Rohr goes on to say, “Maybe our greatest disservice has been that we have given the Law and the gospel to the fragile self that is incapable even of understanding it. We end up condemning people to subterfuge, denial, mental gymnastics and trivialization—by preaching the Law without also offering people that ‘identity transplant’ that we call Good News! This is impossible except for the True Self, ‘hidden with Christ in God’” (Colossians 3:3).
Paul took some of his Letter to the Romans to struggle with this dilemma. “So the trouble is not with the law, for it is spiritual and good. The trouble is with me, for I am all too human, a slave to sin. I don’t really understand myself, for I want to do what is right, but I don’t do it. Instead, I do what I hate.
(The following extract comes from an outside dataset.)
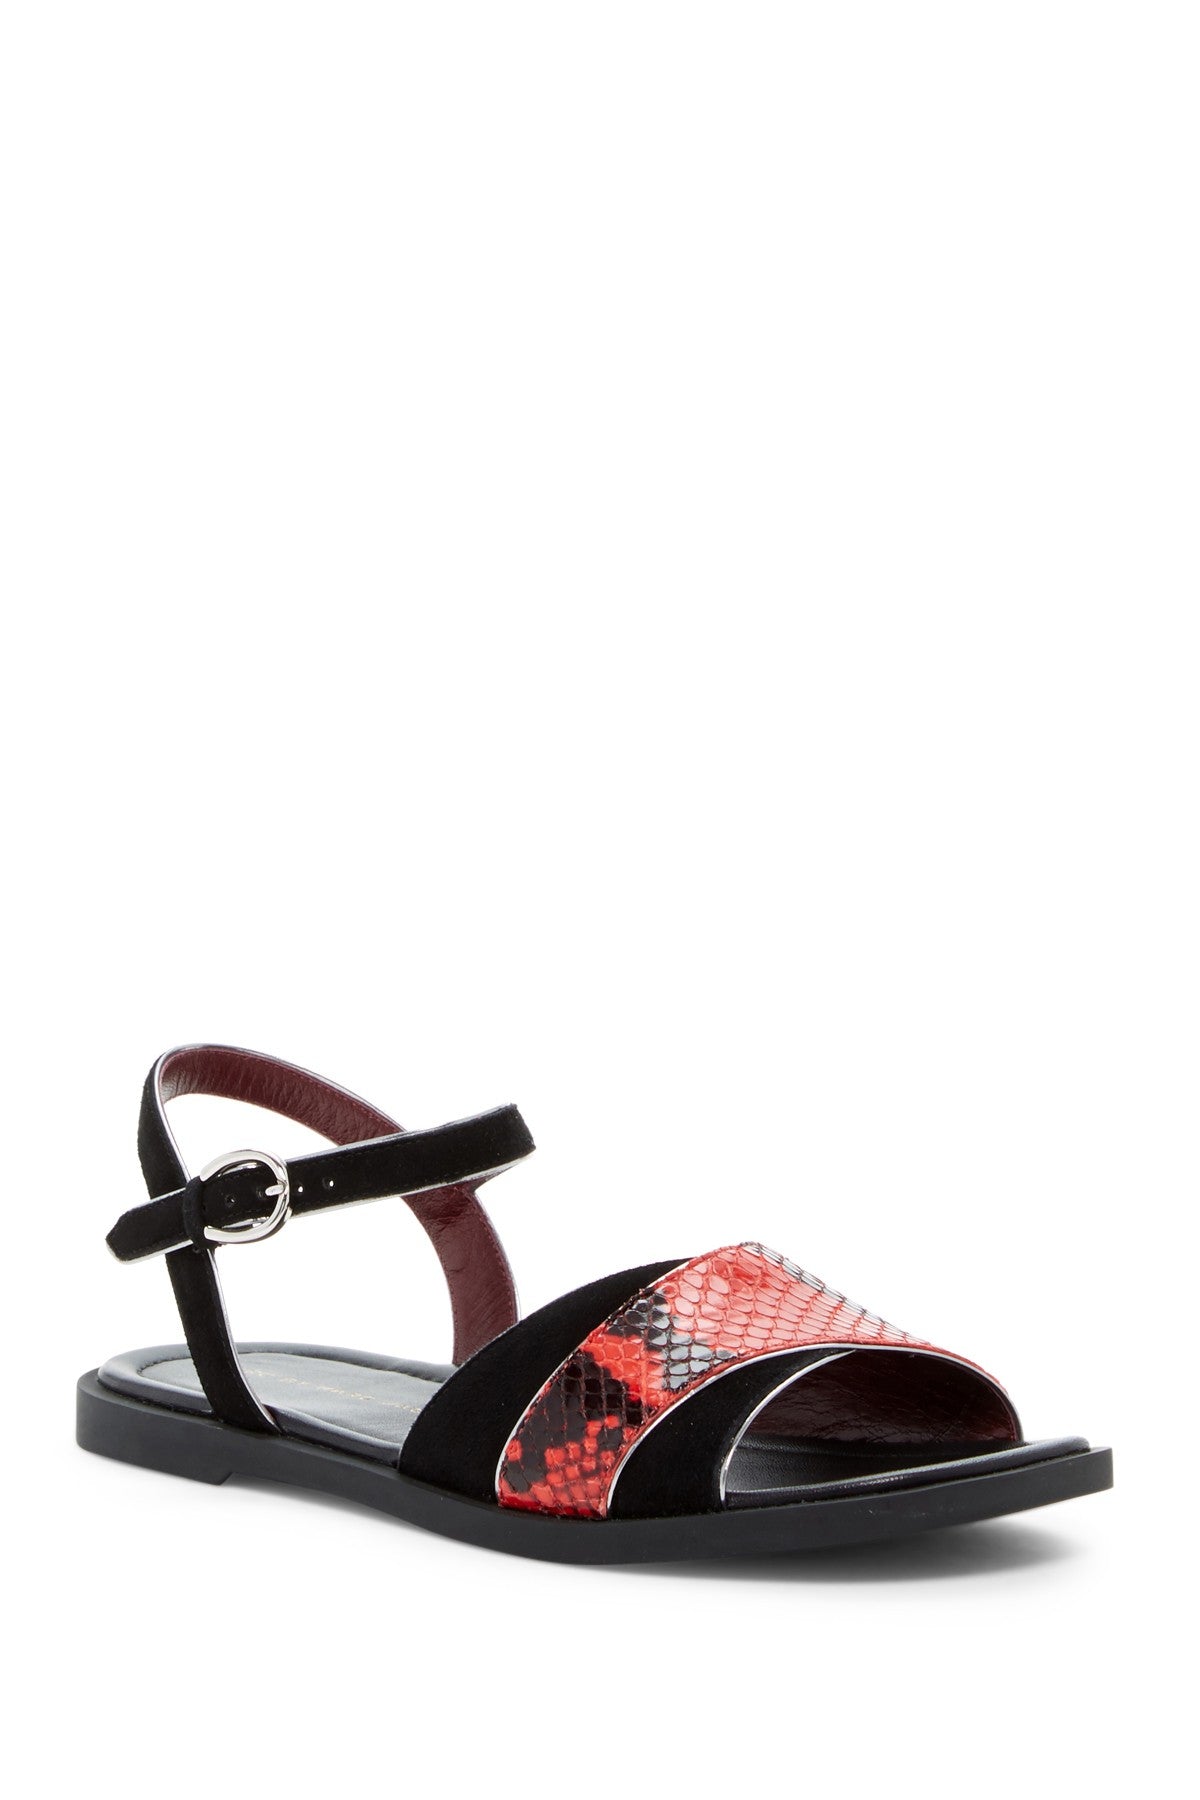 Marc by Marc Jacobs Womens M9000661 Jodie Red Black Marc Jacobs Sandal

I have discovered this principle of life—that when I want to do what is right, I inevitably do what is wrong. I love God’s law with all my heart. But there is another power within me that is at war with my mind. This power makes me a slave to the sin that is still within me. Oh, what a miserable person I am! Who will free me from this life that is dominated by sin and death? Thank God! The answer is in Jesus Christ our Lord. So you see how it is: In my mind I really want to obey God’s law, but because of my sinful nature I am a slave to sin.” (Romans 7:14-15, 21-25 NLT)
Paul moves on to explain how the Spirit living in us helps us hold these two things in tension admonishing us to, “..let God transform you into a new person by changing the way you think…[and] I give you this warning: Don’t think you are better than you really are. Be honest in your evaluation of yourself, measuring yourself by the faith God has given you.” (Romans 12:2-3 NLT)
I write all this because of the coincidence of reading Rohr, then a set of Tweets over the past couple of days from Ed Stetzer, with which I resonate.
• “If your theology consistently creates followers who are contentious and argumentative, it is not a gospel-based theology.”
• “If your theology makes you haughty and not humble, it is not a gospel-based theology.”
• “If your theology has caused you to see your fellow Christians as your enemies, it is not a gospel-based theology.”
• “If your theology aggressively argues for right doctrine, but passively ignores bad character, it is not a gospel-based theology.”
• “If your theology gives you license to caricature and misrepresent others in the name of guarding doctrine, it is not a gospel-based theology…”
• “If your theology just makes you angry all the time, it is probably not a gospel-based theology…”
Law without gospel paralyzes and condemns to failure. May we be people of the Word; not just hearers but doers also.